# Text effects in adobe fireworks (Dog tag)



## JonBastyan (Jan 24, 2009)

Hi,

I was wondering whether someone could help me, first things first how do you create text effect exactly the same as the Fireworks logo that I have attached in fireworks MX 2004. 

Second point, I would like to produce a dog tag and add this text effect mentioned above onto the tag.

Any help would be much appreciated 

Thanks


----------



## JonBastyan (Jan 24, 2009)

No replies :/ This forums usually very quick.


----------



## koala (Mar 27, 2005)

Create a square, fill it with a gradient, use the text tool for the letters and create a bevelled edge.


----------



## zuluclayman (Dec 16, 2005)

I'm not exactly sure what you mean by text effects - the text doesn't seem to have any effects used on it - there is only the gradient background as far as I can see
I don't use Fireworks so am not familiar with the layout but if it follows the same sort of toolbar as Photoshop there will be a floodfill button that looks like a paintucket being tipped out and if you right click on it there should be a gradient tool in a drop down menu. 
This is a tutorial in using gradient fills for Fireworks MX 2004

What material were you going to be using for the dogtag?


----------



## JonBastyan (Jan 24, 2009)

I still cant seem to be able to do it  
Lets put it this way; How do you make the Fireworks logo that I attached my first post in Firework MX 2004?
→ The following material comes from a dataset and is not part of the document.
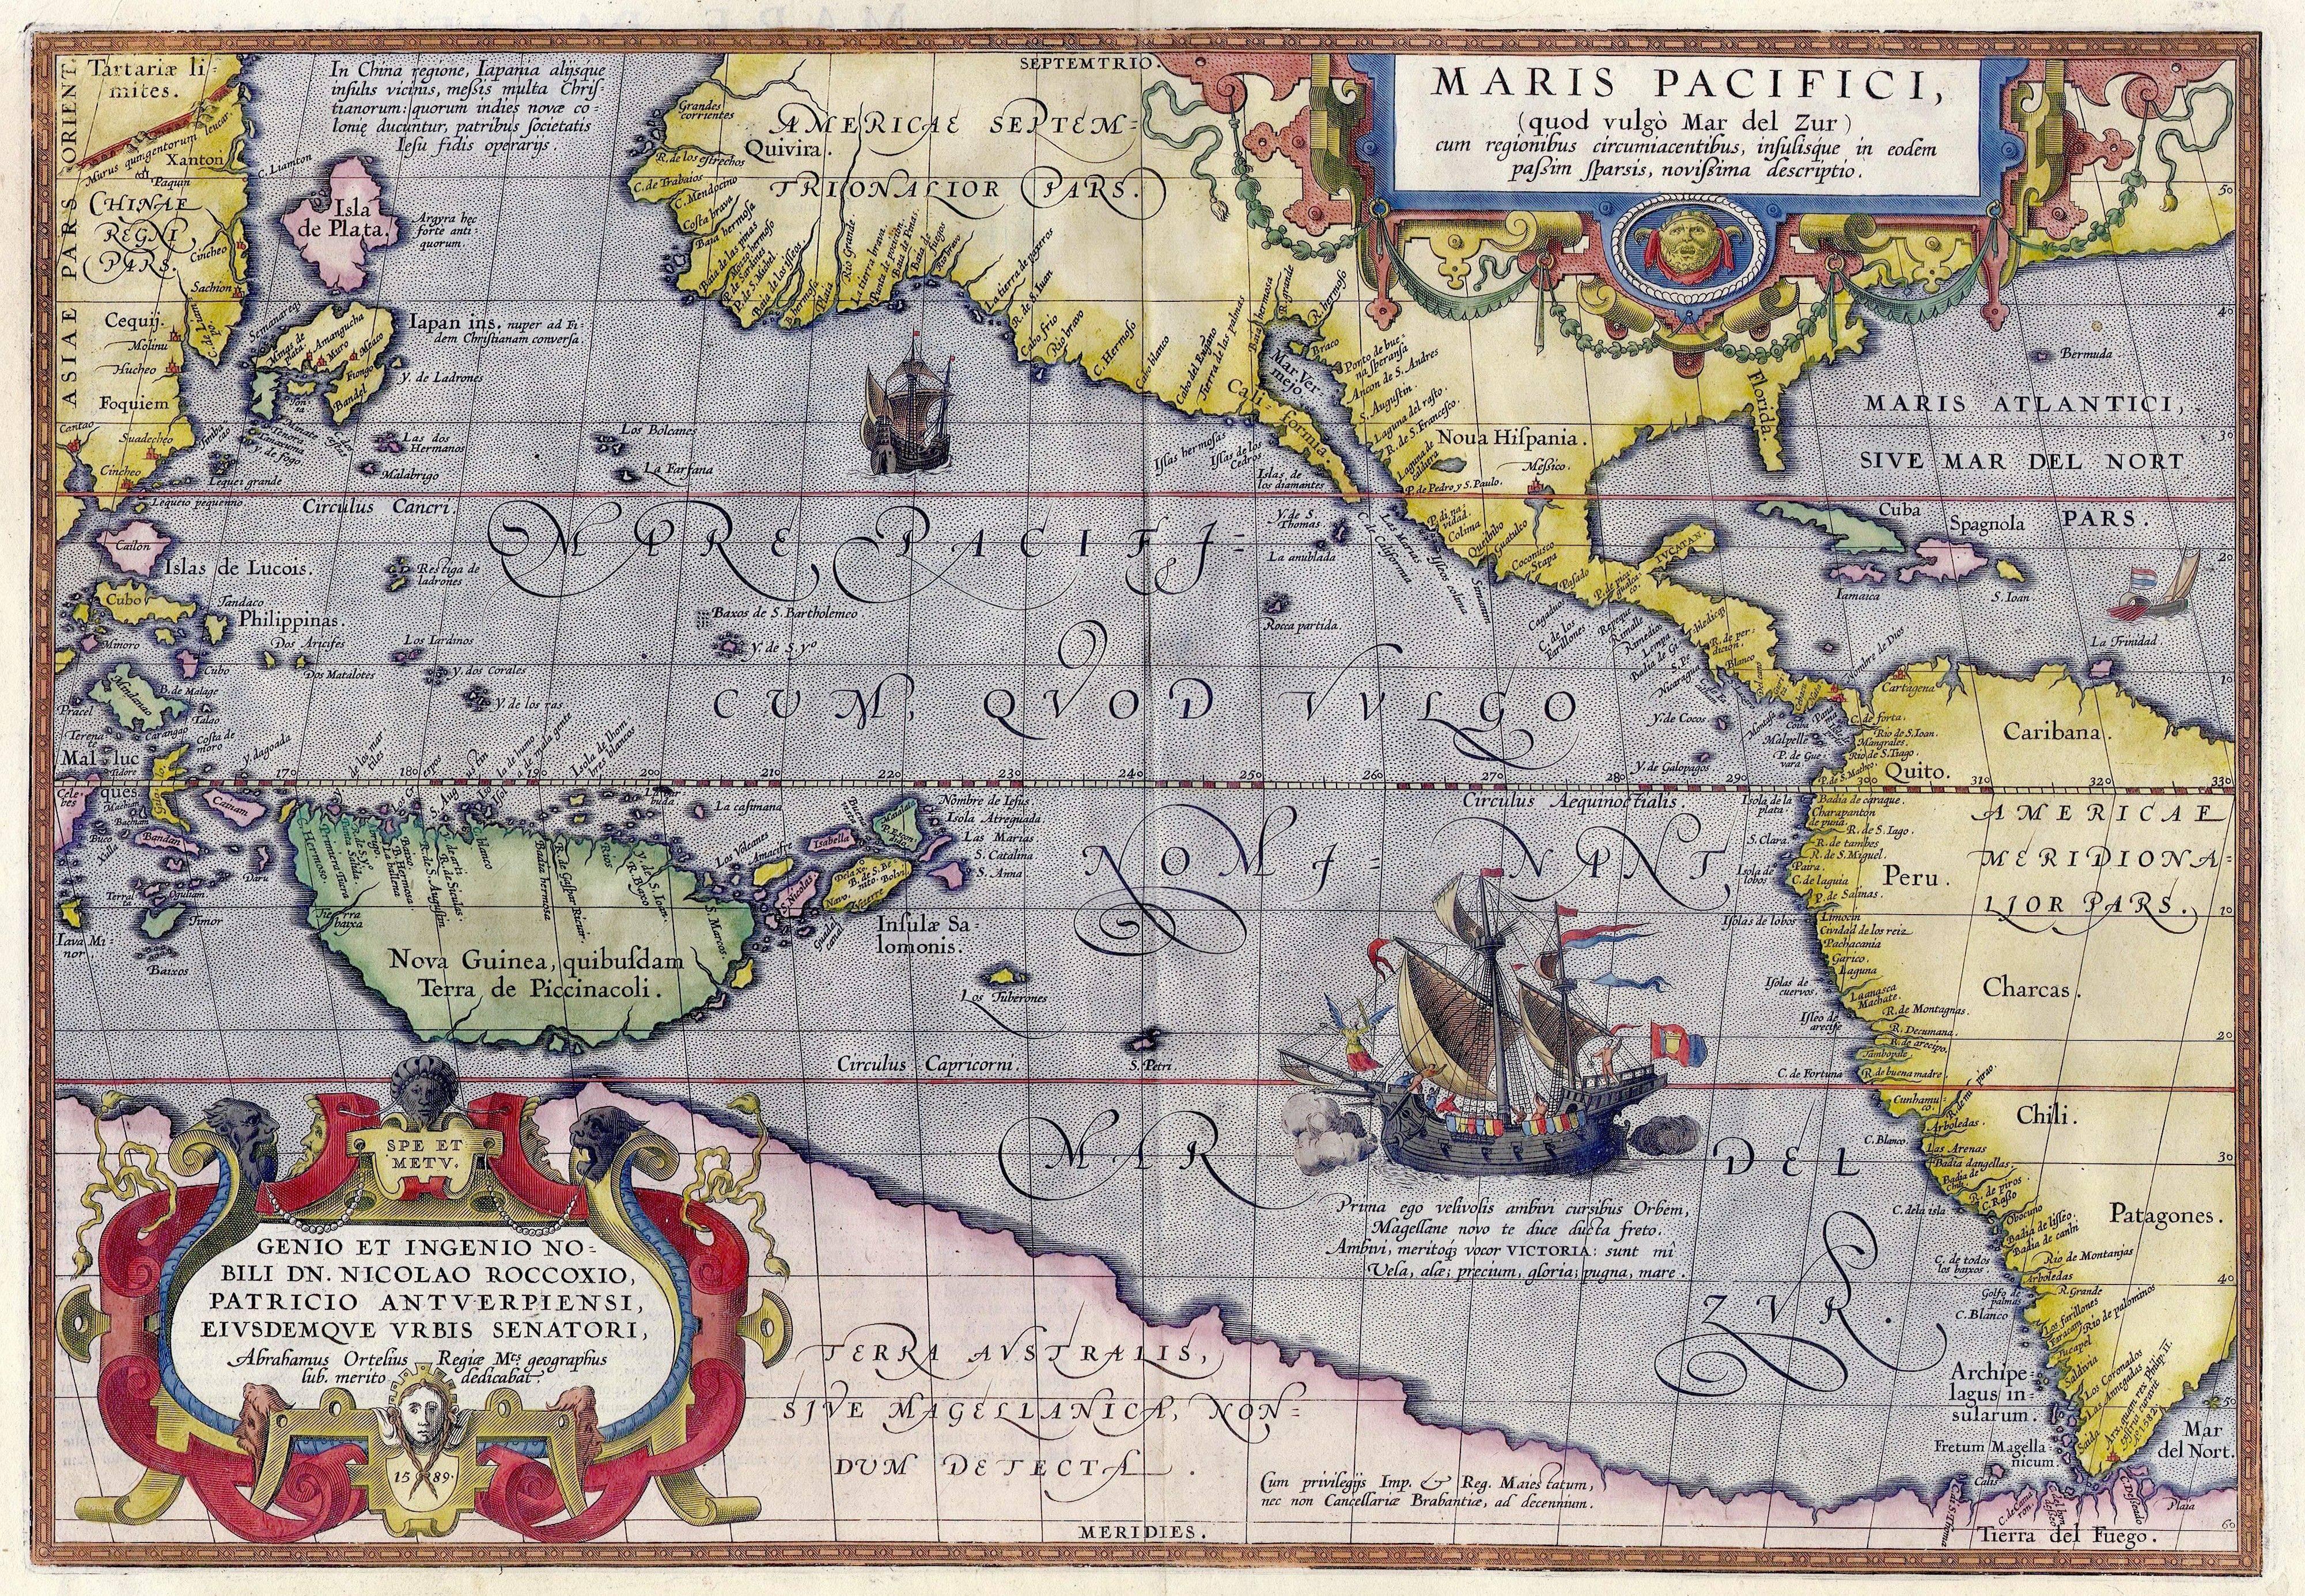 Carte de la "Maris Pacifici" d'Abraham Ortelius publiée en 1589 dans son "Theatrum Orbis Terrarum". Première représentation imprimée d'une carte du Pacifique et de l'Amérique.

zuluclayman; I want to engrave/etch text into a metallic dog tag.. Is this possible? Please help. 

Thanks


----------



## zuluclayman (Dec 16, 2005)

as Koala has said - start by making a square, fill it with a gradient using the fill tool with gradient selected - you will have to play around with the colours until you get them right - then use the text tool to place your text in a new layer - play around with different fonts until you are happy with the results - add a bevel to the edges if you want in the square layer - once happy with the look, flatten the layers - YouTube - SIMPLE LOGO TUT FIREWORKS MX 2004 is a Youtube tutorial link fo making a logo - adapt the procedures to making your image.
As far as etching/engraving metal with this you would have to take your image to a professional to do that - some of the engravers/key cutters in shopping centres may be able to suggest where to do this locally for you OR approach a copy shop/design centre near you.


----------



## JonBastyan (Jan 24, 2009)

Thanks for the help, although I think you have misunderstood me. I believe you seem to think that I am trying to produce a real life dog tag. This is not the case. I would like to make a image of a dog tag with engraved text (the same effect as the fireworks logo - first post) The following link is what I want to do in fireworks ; 

http://www.learnit2.com/tutorial 003/index.php

Hopefully this helps. 

-GJ


----------



## zuluclayman (Dec 16, 2005)

the tutorial you have posted is for Photoshop but you will find many of the steps are similar if not the same in Firewire - substitute the colours you want for the monochromatic greys in the gradient step by clicking on the little coloured squares at the ends of the gradient slider then add your text


----------



## TechNoah (Sep 21, 2011)

1. Type the desired text on top of the dog tag.
2. Set the color of the text to the lightest color on the tag.
3. Add the "Inner Shadow" filter.
4. Set the color of the Inner Shadow filter to the darkest color on the tag.


----------